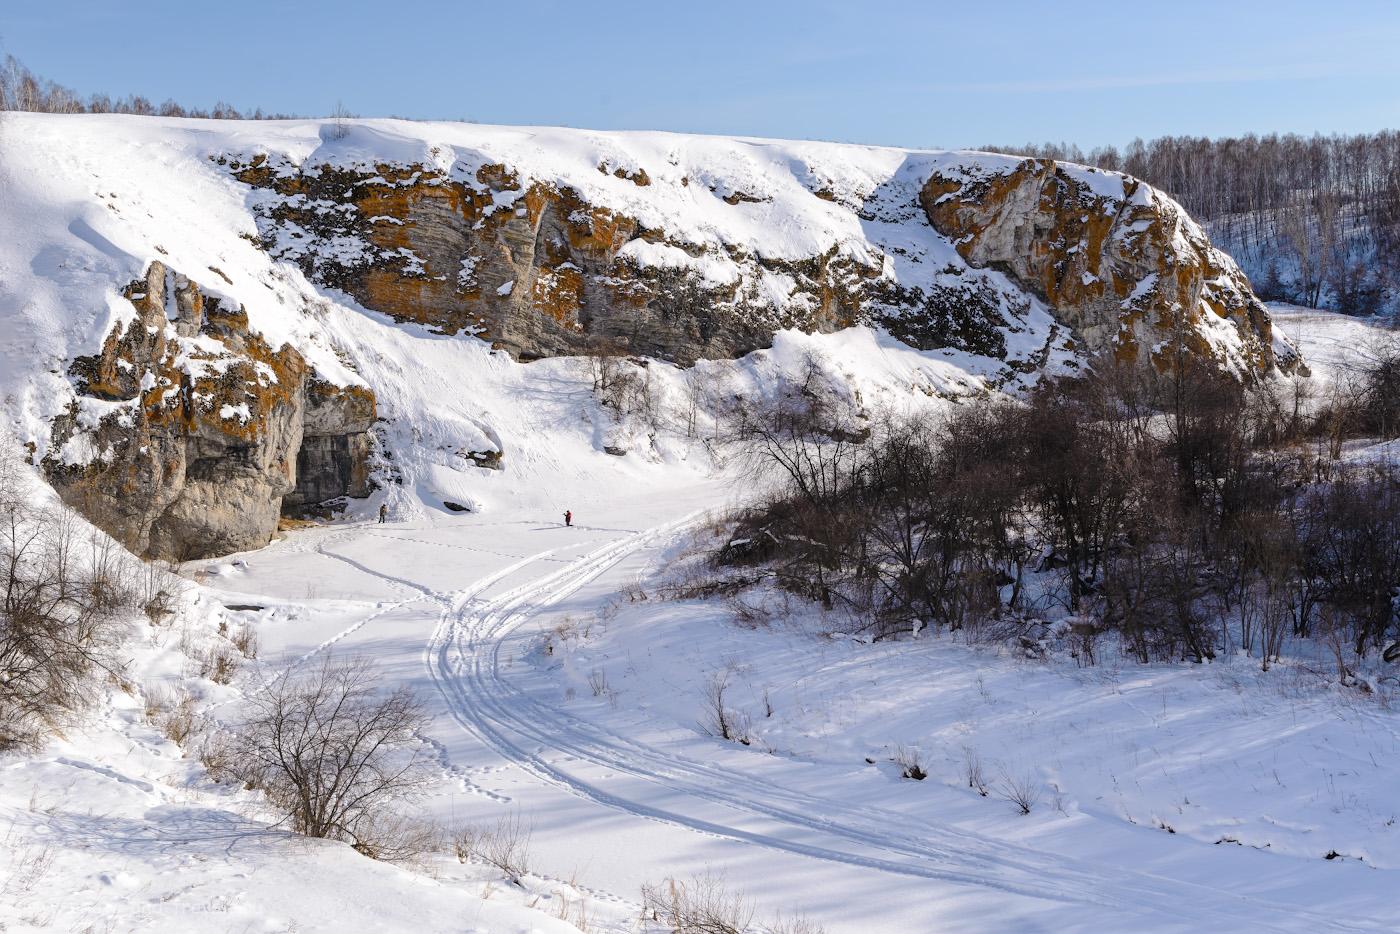 Фото 31. Долина Зотинской пещеры. Какие интересные места посмотреть в Челябинской области. 1/125, +0.33, 9.0, 100, 45.
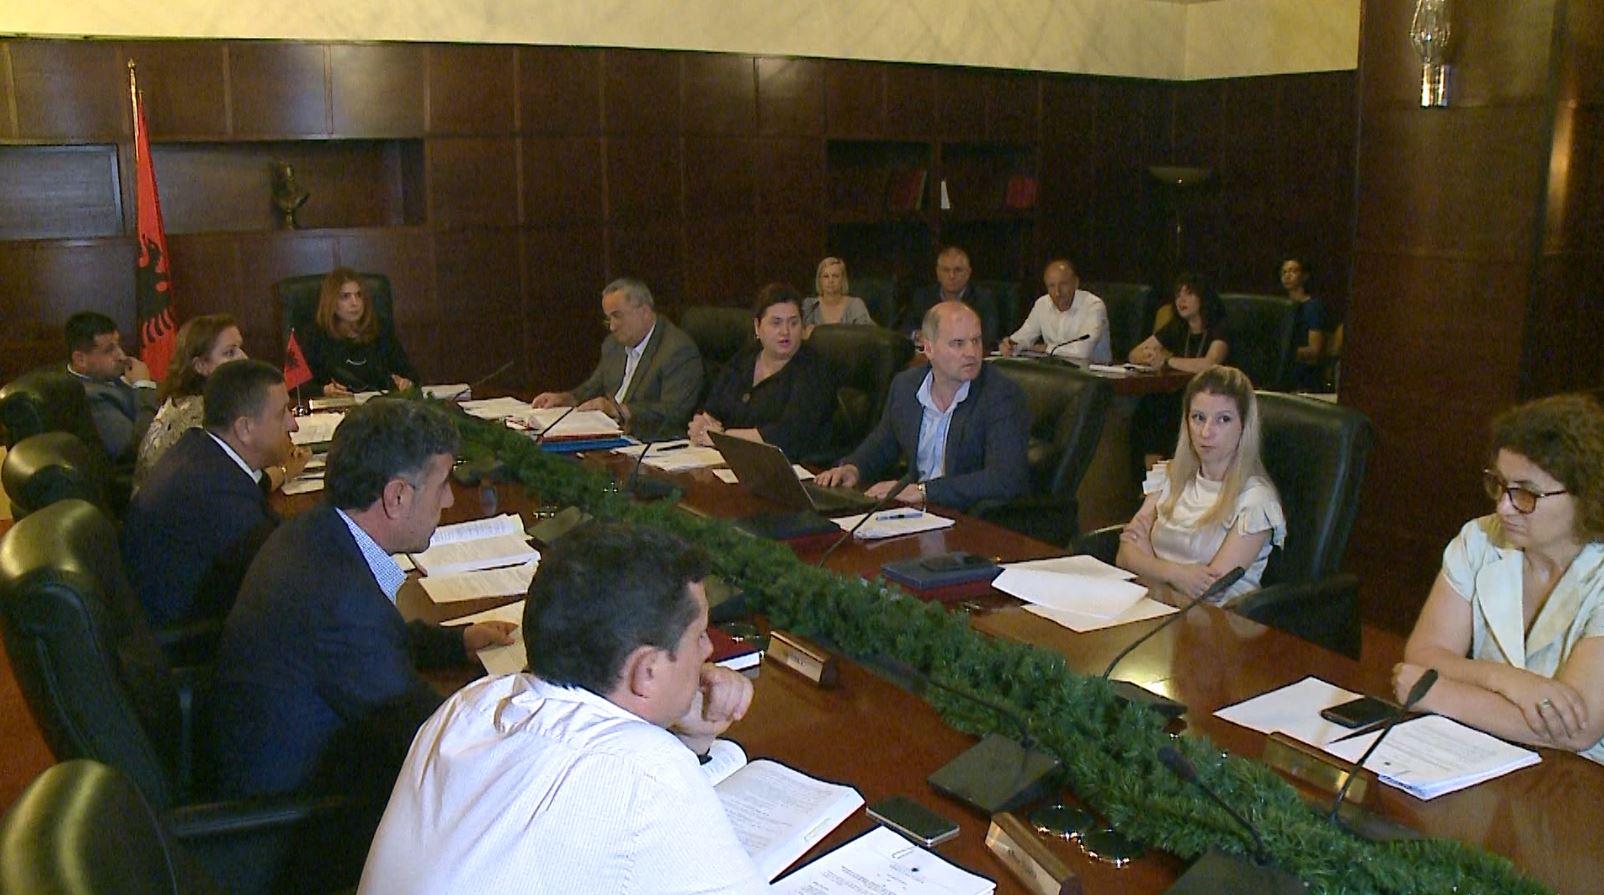 Gara për tre anëtarë të Gjykatës së Lartë, KLGJ miraton vetëm 8 kandidatë
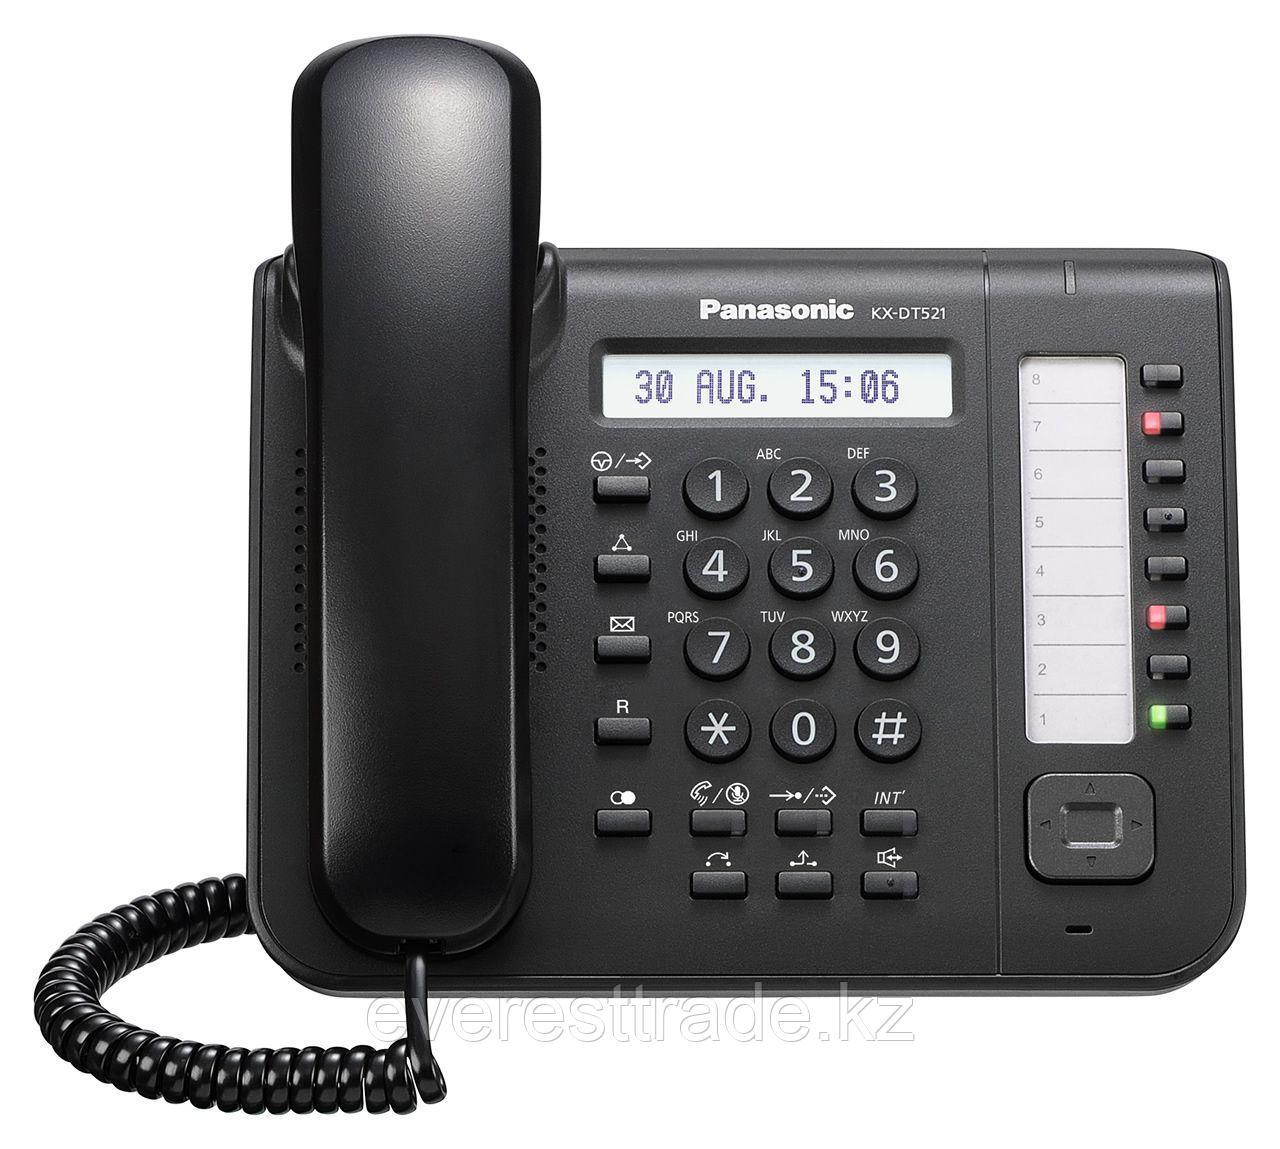 Телефон системный Panasonic KX-DT521
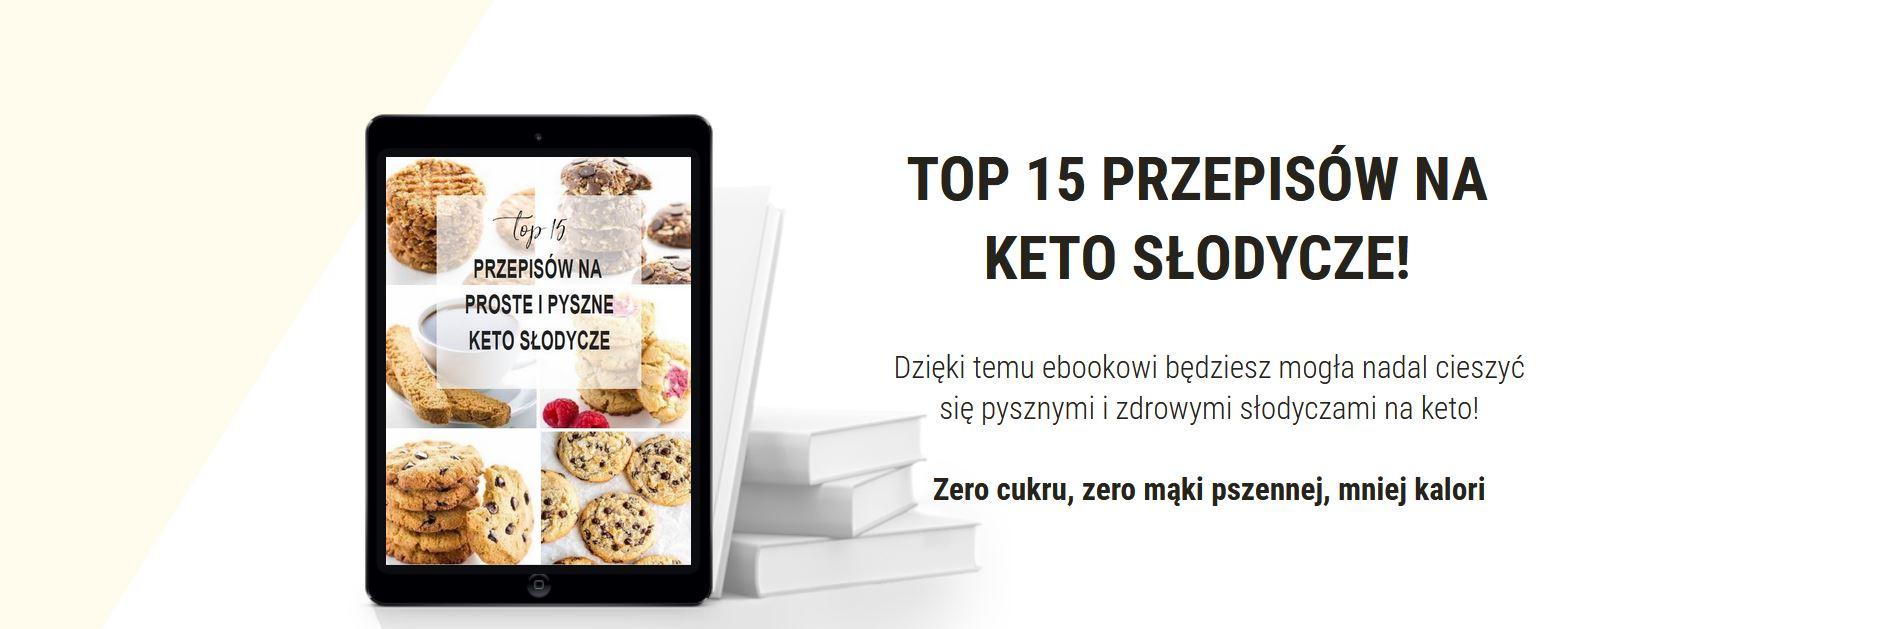 keto słodycze_tło3

• [WHAT TO DO]
Set down the whole listing exactly as given, except for the pictures.

• [ANSWER TO THE PROBLEM]
 Фото 31. Долина Зотинской пещеры. Какие интересные места посмотреть в Челябинской области. 1/125, +0.33, 9.0, 100, 45.
 Gara për tre anëtarë të Gjykatës së Lartë, KLGJ miraton vetëm 8 kandidatë
 Телефон системный Panasonic KX-DT521
 keto słodycze_tło3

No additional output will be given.